# Rockwell Beaver 10" Band Saw



## Pabs (Dec 10, 2008)

HI all

new to this site, spent a couple if hours last night checking some of the amazing projects! 
some real talent out there..

I have a small workshop (16 feet by 20) . and slowly building up my arsenal of tools (power and hand)

one tool I don't have yet is a band saw… 
yesterday a friend sent me an add for a used Rockwell band saw.. he's only asking 200$ for it..

is 10" too small? I know Rockwell is a good brand… not sure on the age of this machine…emailed him but he hasn't replied yet.

but do you guys think a 10" band saw is too small.? will it limit me too much? should I just save my money and buy a 14" model when I can afford one?

is 200$ too much for this type of tool? he claims it's in good condition

thanks for any input/advice

Pabs


----------



## dsb1829 (Jun 20, 2008)

I don't know anything about the Rockwell in question, but typically anything under 12" is hobby shop territory. I have a small craftsman bandsaw that is either 9in or 10in. I wouldn't even think of putting anything over about 24in long and 1in thick through it. I picked up a 14in Ridgid a few months back and it transformed my bandsawing to full capacity ripping, resawing, and milling of rough lumber. I usually keep a 5/8in blade on it, but can swap out to a smaller blade if detail or curve work is in order.
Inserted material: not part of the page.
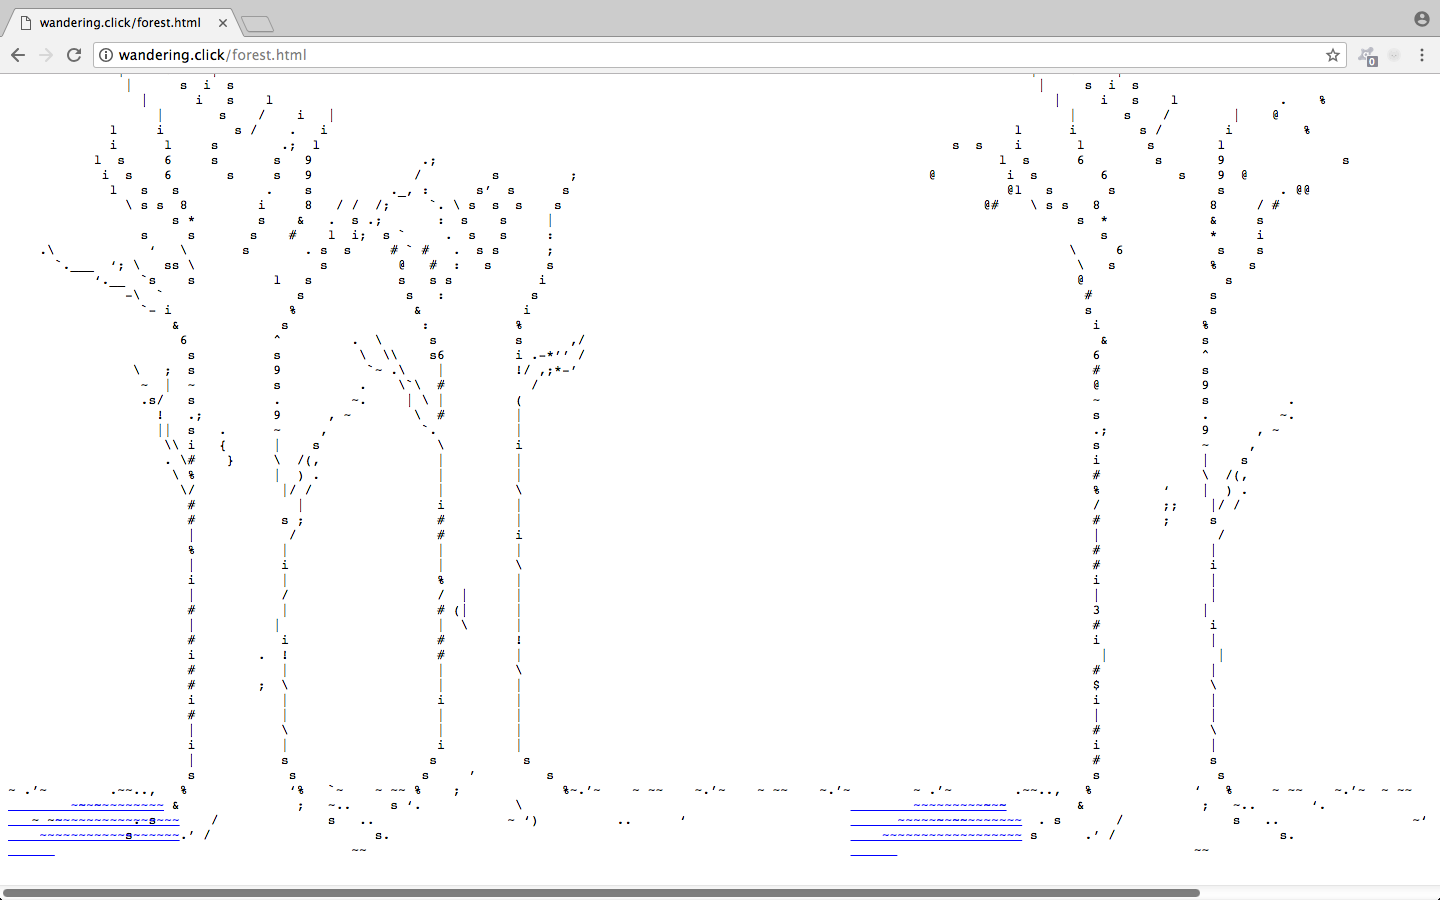 Screenshot of three ASCII trees growing out of the ground. Their shadows are blue underlined hyperlinks
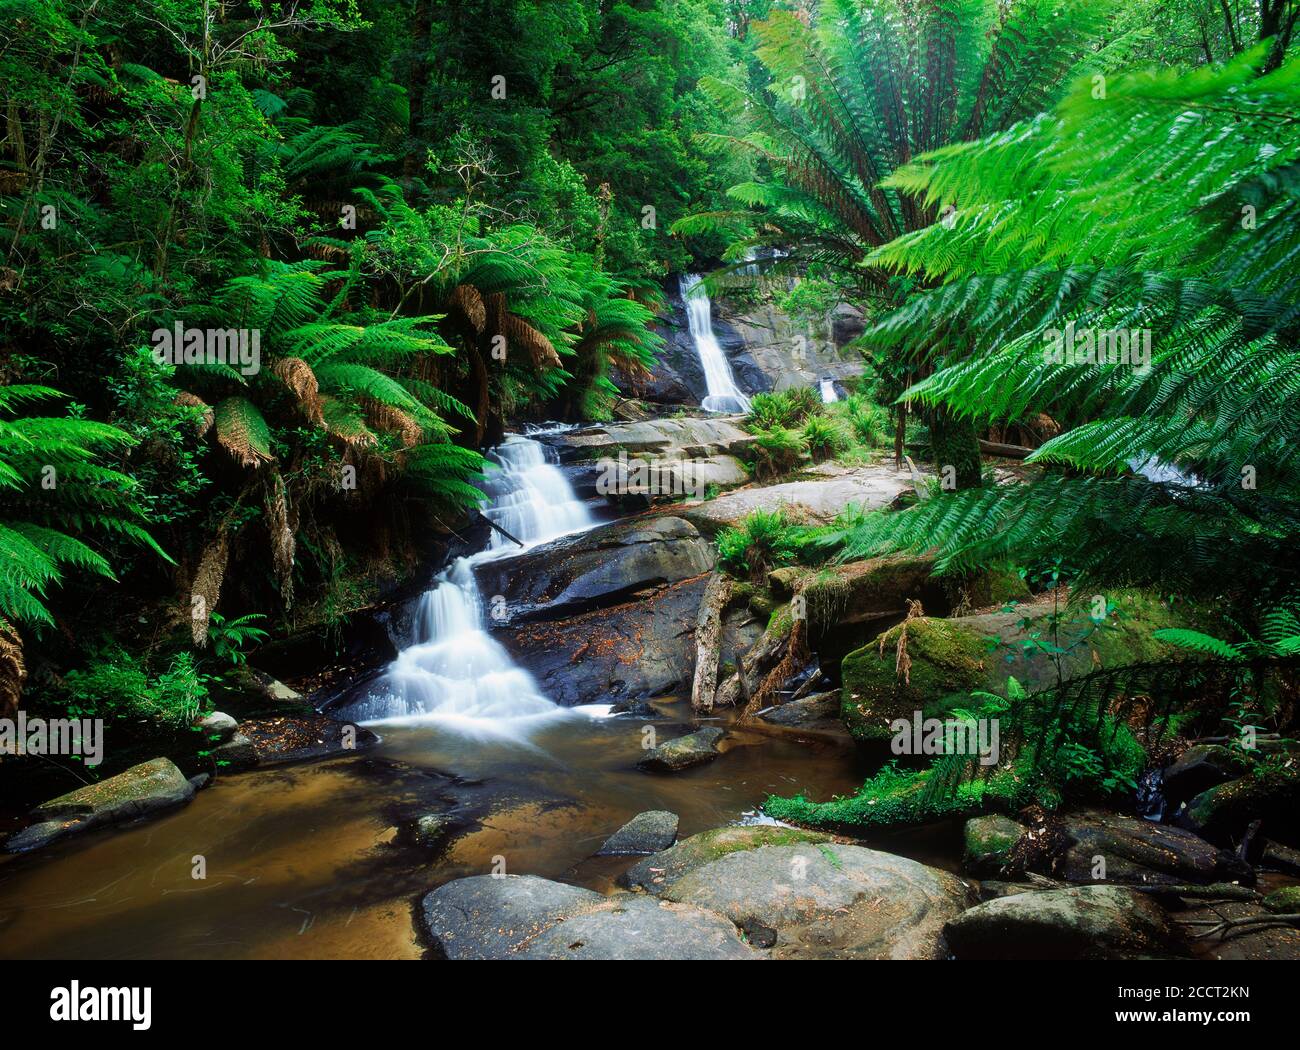 Wild free flowing stream falling over rocks weaving though the rain forests of the world.  Generic Stock Photo

The small saw sits unused. It could be handy for scroll work, but I have a scroll saw for that. Only reason I hang onto it is that I might convert it over to a belt sander.

If I had it to do again I would likely save up a bit more and get a Rikon 14in to get a bit more power and resaw capacity without a riser block.


----------



## sbryan55 (Dec 8, 2007)

This is my response to a similar question posted in the forum section.

As far as the price goes, a tool is worth whatever you are willing to pay for it. But to be honest with you can get new 10" band saws just under $200.


----------



## marcb (May 5, 2008)

200 is way to much, I paid less than that for a fully equipped 14" saw (riser, blades, fence)


----------